Nice that looks awesome Kyoji!

Very well done 
	

	
	
		
		

		
		
	


	




 I can certainly appreciate how hard pixel animation is but I think you pulled it off nicely. Great sig.


----------



## Kyoji (Oct 21, 2006)

Thanks for the compliments guys.


----------



## lagman (Oct 21, 2006)

QUOTE(Eruonen @ Oct 21 2006 said:


> Reminds me of the Gorillaz... Feel Good Inc. and El Manaña.
> 
> Very nice!



Yup, the floating island.. really cool -the videos and your sign Kyoji-


----------



## Kyoji (Oct 23, 2006)

Updated with light and sound.


----------



## Sc4rFac3d (Oct 23, 2006)

hehe nice, I knew you'd update it. cant wait to see what else you have in store. 
	

	
	
		
		

		
		
	


	




just a thought, but wouldn't it be nicer if the song was replaying?


----------



## Kyoji (Oct 23, 2006)

QUOTE(Sc4rFac3d @ Oct 23 2006 said:


> hehe nice, I knew you'd update it. cant wait to see what else you have in store.
> 
> 
> 
> ...


I suppose. If you want to hear it again, click the signature to stop playback, then again to restart it. I dont really see the point in having a long or looping song, as most people aren't going to sit there and listen to it y'know?


----------



## Mehdi (Oct 23, 2006)

woow the sound.... amazing man. The whole sig is amazing....


----------



## Psyfira (Oct 23, 2006)

Pretty damned sweet! Been a while since we've seen something from you, it was definitely worth the wait


----------



## Kyoji (Oct 24, 2006)

Thank you very much everyone!
I've been in a bit of a creative "schlump" recently; but I couldn't live with myself if I didn't give this idea of mine some justice.


----------



## lil_fighter (Oct 24, 2006)

Did you animate that background yourself? Just wondering because it kinda looks like the outside in Cave Story

But anyways, awesome sig man, the music rocks too!


----------



## Kyoji (Oct 24, 2006)

QUOTE(lil_fighter @ Oct 24 2006 said:


> Did you animate that background yourself? Just wondering because it kinda looks like the outside in Cave Story
> 
> But anyways, awesome sig man, the music rocks too!

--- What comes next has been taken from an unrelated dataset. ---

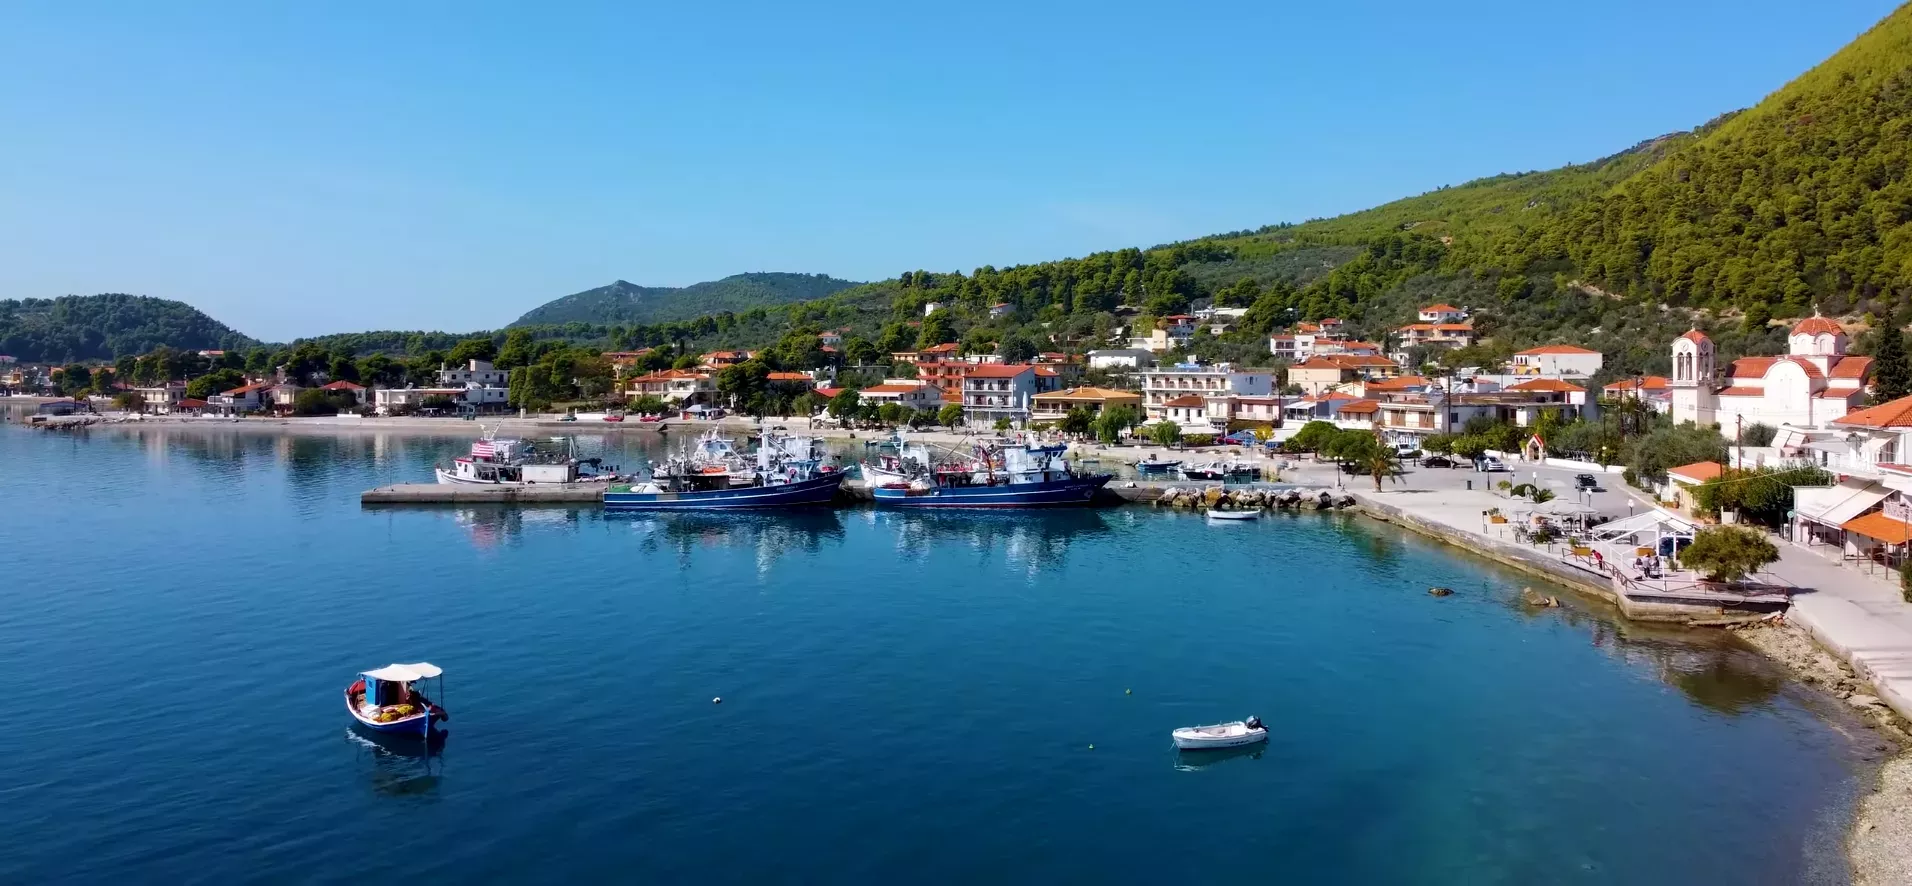 Άγιος Γεώργιος: Το ιδανικό ψαροχώρι για ήρεμες καλοκαιρινές διακοπές στη Βόρεια Εύβοια

Yea, I did animate it myself. I got some -heavy- inspiration from Cave Story, i love the art in the game, its amazing.


----------



## Mehdi (Oct 24, 2006)

this is probably not but the music... did you make that as well. Can u pm me where I can find the music?


----------



## Moneo (Oct 24, 2006)

Not bad.

Made me think of this: http://www.samorost.net/samorost1/


----------



## Kyoji (Oct 24, 2006)

The music is from the Howl's Moving castle OST; a compilation of Heartbeat and Sky Stroll. 

@Moneo: If it made you think of Samarost, thats an immense compliment!


----------



## Dragonsend (Oct 25, 2006)

Looks really good.


----------